Records from a dataset

===============

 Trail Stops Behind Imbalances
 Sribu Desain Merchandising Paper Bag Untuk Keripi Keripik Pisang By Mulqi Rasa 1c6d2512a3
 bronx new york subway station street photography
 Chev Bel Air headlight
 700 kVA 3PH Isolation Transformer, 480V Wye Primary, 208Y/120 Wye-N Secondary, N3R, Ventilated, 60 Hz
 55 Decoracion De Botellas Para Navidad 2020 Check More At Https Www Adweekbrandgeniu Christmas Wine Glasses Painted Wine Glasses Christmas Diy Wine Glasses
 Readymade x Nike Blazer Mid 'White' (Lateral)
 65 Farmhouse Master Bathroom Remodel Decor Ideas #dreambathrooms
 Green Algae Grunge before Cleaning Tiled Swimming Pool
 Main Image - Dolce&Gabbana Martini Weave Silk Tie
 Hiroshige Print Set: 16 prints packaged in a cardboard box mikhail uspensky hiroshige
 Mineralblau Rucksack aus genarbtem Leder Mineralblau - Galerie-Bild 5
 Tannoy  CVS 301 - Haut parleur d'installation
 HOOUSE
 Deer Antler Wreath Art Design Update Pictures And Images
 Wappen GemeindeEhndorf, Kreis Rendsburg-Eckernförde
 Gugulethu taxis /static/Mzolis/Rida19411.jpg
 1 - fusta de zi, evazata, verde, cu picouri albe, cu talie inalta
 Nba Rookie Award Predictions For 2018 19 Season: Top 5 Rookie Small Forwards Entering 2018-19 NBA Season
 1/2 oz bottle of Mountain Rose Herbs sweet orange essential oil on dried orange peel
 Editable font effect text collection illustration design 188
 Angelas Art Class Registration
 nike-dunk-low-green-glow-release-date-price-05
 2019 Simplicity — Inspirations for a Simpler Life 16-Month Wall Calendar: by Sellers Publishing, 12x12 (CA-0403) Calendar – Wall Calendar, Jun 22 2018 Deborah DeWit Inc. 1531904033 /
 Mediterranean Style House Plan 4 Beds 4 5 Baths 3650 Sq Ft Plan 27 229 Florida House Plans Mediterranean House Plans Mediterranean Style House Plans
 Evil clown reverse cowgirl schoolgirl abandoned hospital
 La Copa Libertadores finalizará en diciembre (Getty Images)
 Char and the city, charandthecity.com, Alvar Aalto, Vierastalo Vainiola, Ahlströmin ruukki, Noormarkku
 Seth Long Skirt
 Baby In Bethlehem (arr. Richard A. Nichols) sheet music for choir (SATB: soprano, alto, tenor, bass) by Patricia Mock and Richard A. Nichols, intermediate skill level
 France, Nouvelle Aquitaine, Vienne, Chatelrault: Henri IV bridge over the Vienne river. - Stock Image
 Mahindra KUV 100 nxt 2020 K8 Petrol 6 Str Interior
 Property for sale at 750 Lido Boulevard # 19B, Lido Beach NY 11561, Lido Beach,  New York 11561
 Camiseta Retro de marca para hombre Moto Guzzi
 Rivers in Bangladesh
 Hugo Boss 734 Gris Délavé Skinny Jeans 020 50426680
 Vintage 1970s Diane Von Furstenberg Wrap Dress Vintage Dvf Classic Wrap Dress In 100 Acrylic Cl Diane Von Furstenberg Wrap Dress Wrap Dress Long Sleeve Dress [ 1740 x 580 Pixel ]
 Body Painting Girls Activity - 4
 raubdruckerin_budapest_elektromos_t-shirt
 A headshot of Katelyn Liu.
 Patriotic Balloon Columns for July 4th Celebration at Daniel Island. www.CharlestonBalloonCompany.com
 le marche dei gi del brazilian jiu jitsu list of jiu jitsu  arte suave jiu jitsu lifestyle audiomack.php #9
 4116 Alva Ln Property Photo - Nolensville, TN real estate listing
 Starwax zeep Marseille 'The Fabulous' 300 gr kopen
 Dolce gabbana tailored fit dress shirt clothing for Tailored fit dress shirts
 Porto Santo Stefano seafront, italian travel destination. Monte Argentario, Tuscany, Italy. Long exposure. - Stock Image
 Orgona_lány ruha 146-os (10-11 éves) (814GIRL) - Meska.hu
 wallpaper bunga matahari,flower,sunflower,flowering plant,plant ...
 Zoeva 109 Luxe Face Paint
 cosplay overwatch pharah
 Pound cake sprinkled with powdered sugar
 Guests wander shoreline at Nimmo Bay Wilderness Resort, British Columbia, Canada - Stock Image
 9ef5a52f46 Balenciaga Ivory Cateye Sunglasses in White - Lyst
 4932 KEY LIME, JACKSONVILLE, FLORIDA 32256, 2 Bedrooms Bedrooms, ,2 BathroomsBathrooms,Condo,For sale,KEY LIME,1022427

===============

A reply should hold exactly the lines from the one containing "Mahindra KUV 100" through the end of the data above, nothing more.

 Mahindra KUV 100 nxt 2020 K8 Petrol 6 Str Interior
 Property for sale at 750 Lido Boulevard # 19B, Lido Beach NY 11561, Lido Beach,  New York 11561
 Camiseta Retro de marca para hombre Moto Guzzi
 Rivers in Bangladesh
 Hugo Boss 734 Gris Délavé Skinny Jeans 020 50426680
 Vintage 1970s Diane Von Furstenberg Wrap Dress Vintage Dvf Classic Wrap Dress In 100 Acrylic Cl Diane Von Furstenberg Wrap Dress Wrap Dress Long Sleeve Dress [ 1740 x 580 Pixel ]
 Body Painting Girls Activity - 4
 raubdruckerin_budapest_elektromos_t-shirt
 A headshot of Katelyn Liu.
 Patriotic Balloon Columns for July 4th Celebration at Daniel Island. www.CharlestonBalloonCompany.com
 le marche dei gi del brazilian jiu jitsu list of jiu jitsu  arte suave jiu jitsu lifestyle audiomack.php #9
 4116 Alva Ln Property Photo - Nolensville, TN real estate listing
 Starwax zeep Marseille 'The Fabulous' 300 gr kopen
 Dolce gabbana tailored fit dress shirt clothing for Tailored fit dress shirts
 Porto Santo Stefano seafront, italian travel destination. Monte Argentario, Tuscany, Italy. Long exposure. - Stock Image
 Orgona_lány ruha 146-os (10-11 éves) (814GIRL) - Meska.hu
 wallpaper bunga matahari,flower,sunflower,flowering plant,plant ...
 Zoeva 109 Luxe Face Paint
 cosplay overwatch pharah
 Pound cake sprinkled with powdered sugar
 Guests wander shoreline at Nimmo Bay Wilderness Resort, British Columbia, Canada - Stock Image
 9ef5a52f46 Balenciaga Ivory Cateye Sunglasses in White - Lyst
 4932 KEY LIME, JACKSONVILLE, FLORIDA 32256, 2 Bedrooms Bedrooms, ,2 BathroomsBathrooms,Condo,For sale,KEY LIME,1022427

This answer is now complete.